As the encroached land belonged to the DAD, and therefore had to be resolved between the department and the encroaching farmer, the dispute could not be taken to the local Community Mediation Board - which could only handle individual disputes among non-state parties. This meant an under-resourced DAD undergoing an arduous and lengthy formal court procedure, if the problem were to be ended. As such, no redress was taken since 2017 and resentments (combined with a communal sense of resignation) grew within this farmer community in Karukkakulam.


However, 2021 saw the commencement of a SEDR-funded grant project implemented by FIRM, where groups of local youth were selected and given extensive training in alternative dispute resolution (ADR[3]). Through practical sessions and guidance by experts and field staff, the youth were trained to identify disputes within their communities and help resolve them jointly with relevant stakeholders via specific community initiation tasks. Similarly, in the case of Mannar, youth from the Valarmathy Community Centre were trained in this manner and then deployed back to villages like Karukkakulam. One group of youth met Sabarimuththu and his farmer organization, and thereafter, came upon the farmers’ ongoing irrigation dispute. In an attempt to resolve this issue, a series of consultations (facilitated by FIRM) took place between the trained youth, the farmer organisation and the encroaching farmer himself.

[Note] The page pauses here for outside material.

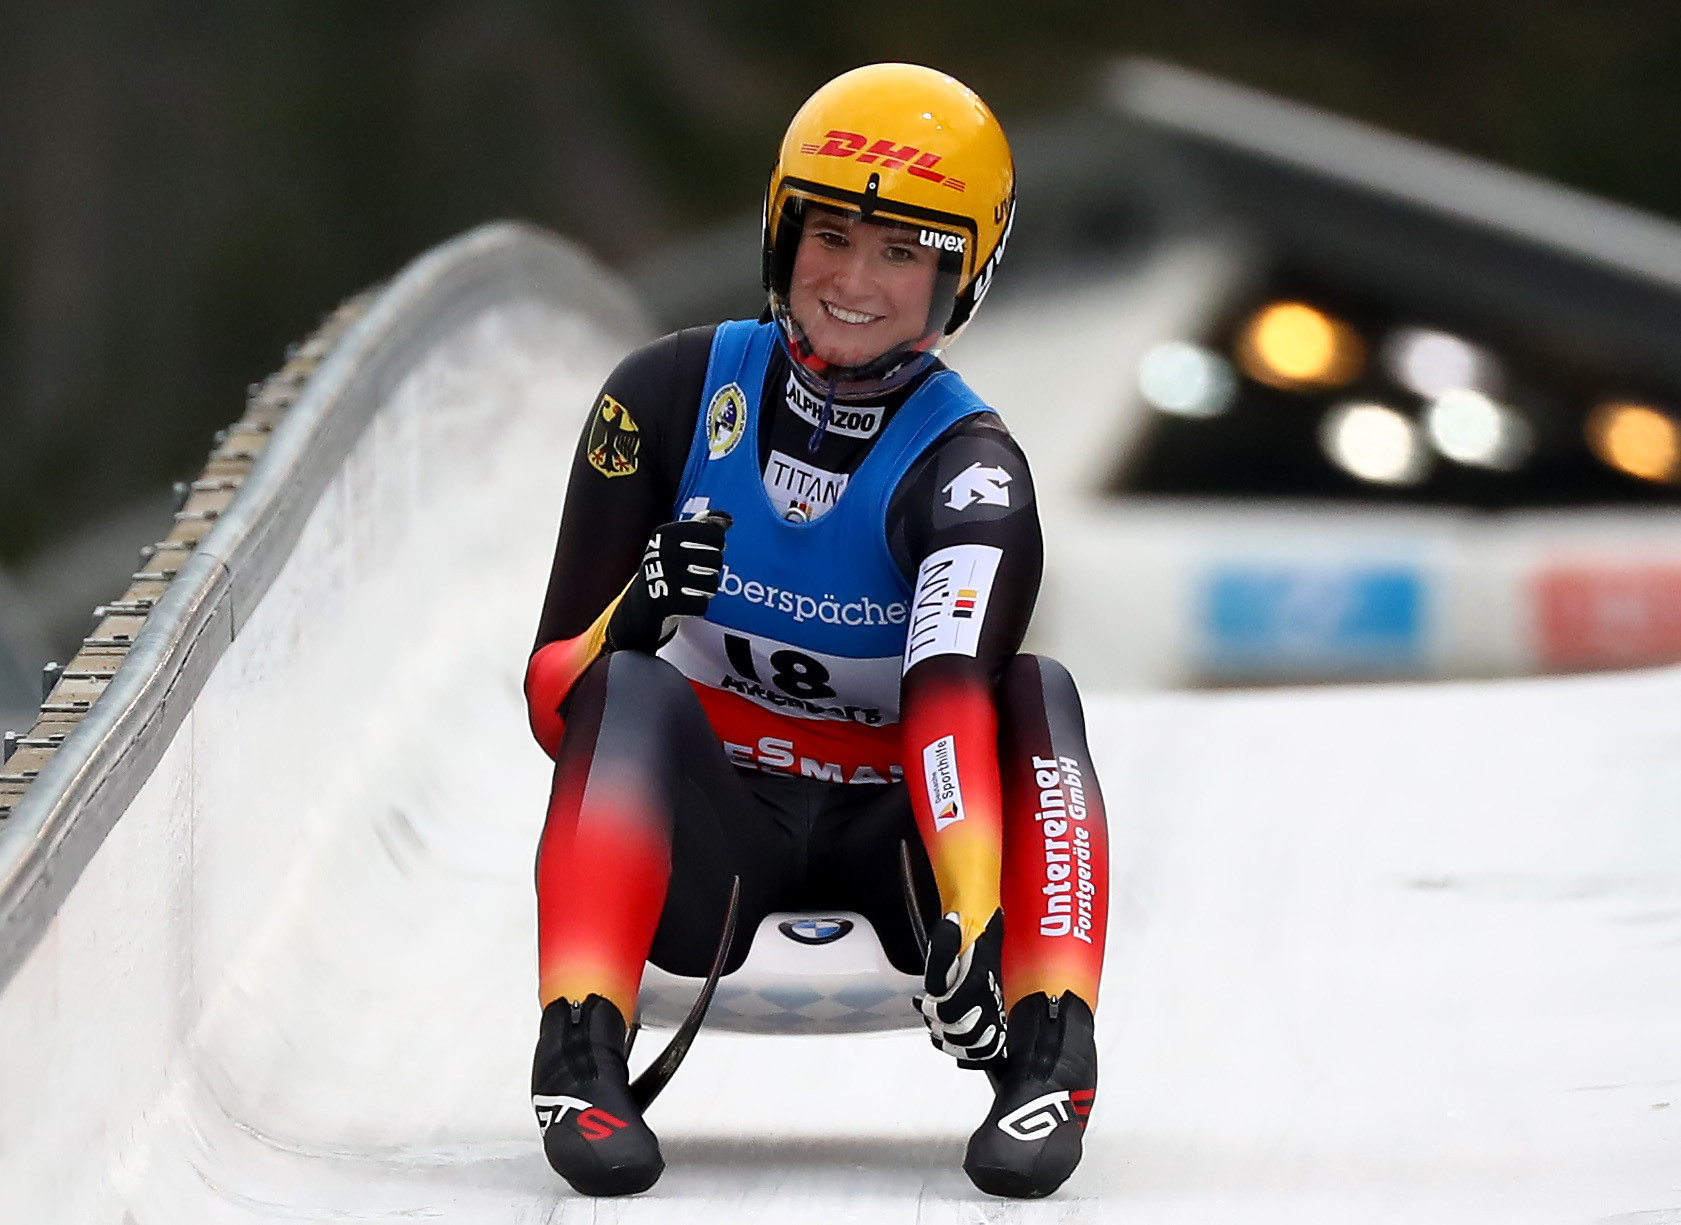 Geisenberger earns 50th Luge World Cup victory in Oberhof

Sabarimuththu working together with his fellow farmers

After many negotiations and consultations where members of the youth group used and applied their ADR knowledge and skills, the encroaching farmer eventually agreed to relinquish the ill-gotten land. As part of these consultations and a win-win approach, communal consensus emerged to renovate the now-damaged irrigation channel, a community-owned solution beneficial to the whole community.


Utilizing a small community initiation grant from FIRM and contributions by the farmer organisation, an excavator was used to dig through the overgrown vegetation blocking the abandoned irrigation channel, and the encroaching fencing line was also removed. Furthermore, the farmers themselves got practically involved by using their tractors to remove the discarded soil and debris, and they cleared the irrigation land thoroughly.


Community initiation: getting rid of overgrown vegetation using an excavator

This activity yielded positive results: with the fencing line back to its original position, the natural water flow was re-established, allowing the adjoining farmers’ paddy cultivations to receive timely and sufficient irrigation through Sabarimuththu’s control. An almost decade-long local community dispute had been settled, enabling the village farmers to increase paddy cultivable area by 70 to 80 acres when they utilised the collected drain water for the next cultivation.


Sabarimuththu and the farmer's organisation were not only pleased with this result but also grateful for the youth who had applied ADR methods in this situation, which ultimately contributed towards resolving this seemingly intractable dispute.


Satisfied and grateful: Sabarimuththu and his fellow farmers now carry out business as usual

[1] Paddy is a small, level, flooded field used to cultivate rice in southern and eastern Asia.


[2] Karukkakulam is a rural village in the Mannar district in the Northern province of Sri Lanka, where a multi-ethnic and multi-cultural community resides. Most of them are paddy farmers.


[3] In this context ‘ADR’ refers to informal mechanisms or processes facilitated by local actors to resolve community level disputes/grievances/conflict without the involvement of the formal justice system.